Towards a sustainable workplace: a life cycle perspective on EV-charging-integrated HVAC systems

Heating, ventilation, and air conditioning (HVAC) systems contribute substantially to energy consumption and carbon emissions in the building sector. This study evaluates the environmental impacts of solar-powered HVAC systems in the workplace in a city in Portugal (Sines) using a comprehensive life cycle assessment (LCA), compared to systems powered by national grid electricity. The LCA is performed using the Environmental Footprint (EF) 3.1 method with a cradle-to-grave system boundary. Electric vehicle chargers are included to temporarily store excess electricity generated from a solar photovoltaic system. Results from the LCA indicate that the manufacturing and operation phases of the product system powered by grid electricity contribute significantly to most of the environmental impacts, while switching to a solar-powered system could reduce the climate change impact by 87.28%. The sensitivity analysis demonstrates that heating and cooling set point temperatures of HVAC systems critically affect the environmental burdens arising from the product system. Substituting reclaimed refrigerants for newly produced refrigerants can reduce global warming potential by 5.8% during the manufacturing phase of HVAC systems.
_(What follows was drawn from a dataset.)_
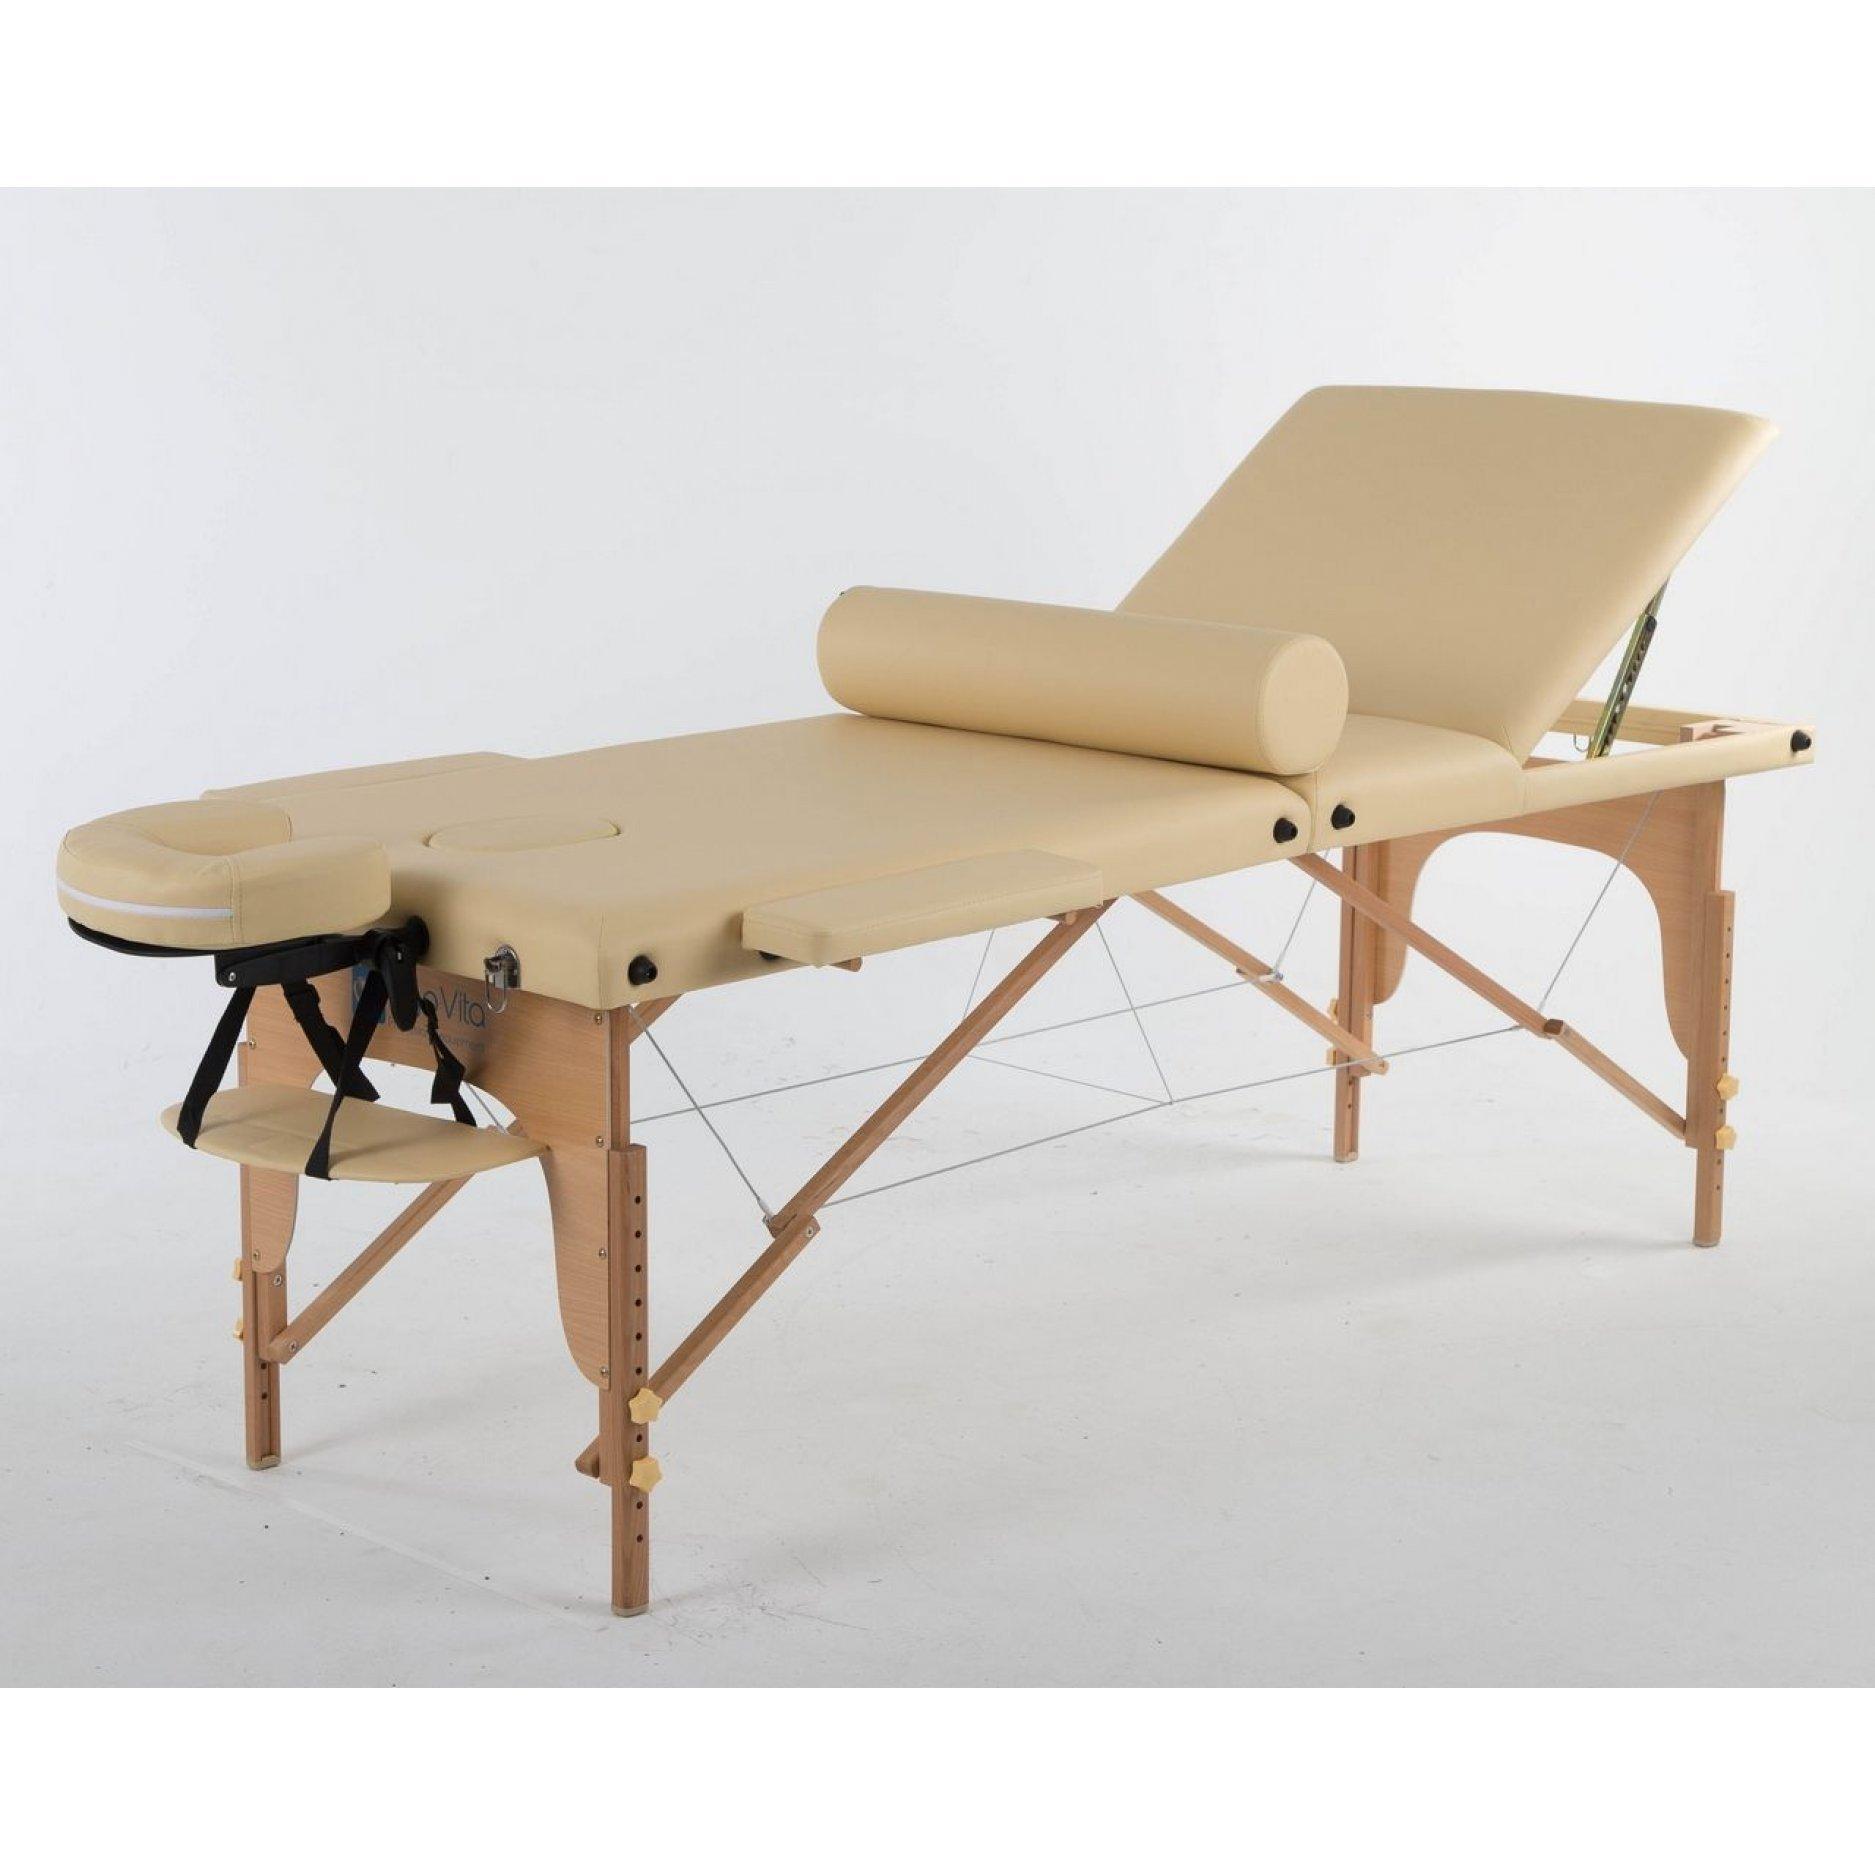 Складной массажный стол ErgoVita Classic Comfort Plus бежевый

Enhancing HVAC energy efficiency and adapting heating and cooling operation are essential for reducing GHG emissions. Furthermore, the scope of the study is expanded by evaluating the environmental impacts of workplace HVAC systems in three more different European cities, i.e., Paris, London, and Oslo, representing warm and cold climate zones. Future increases in renewable electricity capacity lead to reduced environmental impacts but increase mineral and metal resource use. A broader consideration of environmental impacts through LCA offers insights into the future development and application of sustainable energy systems.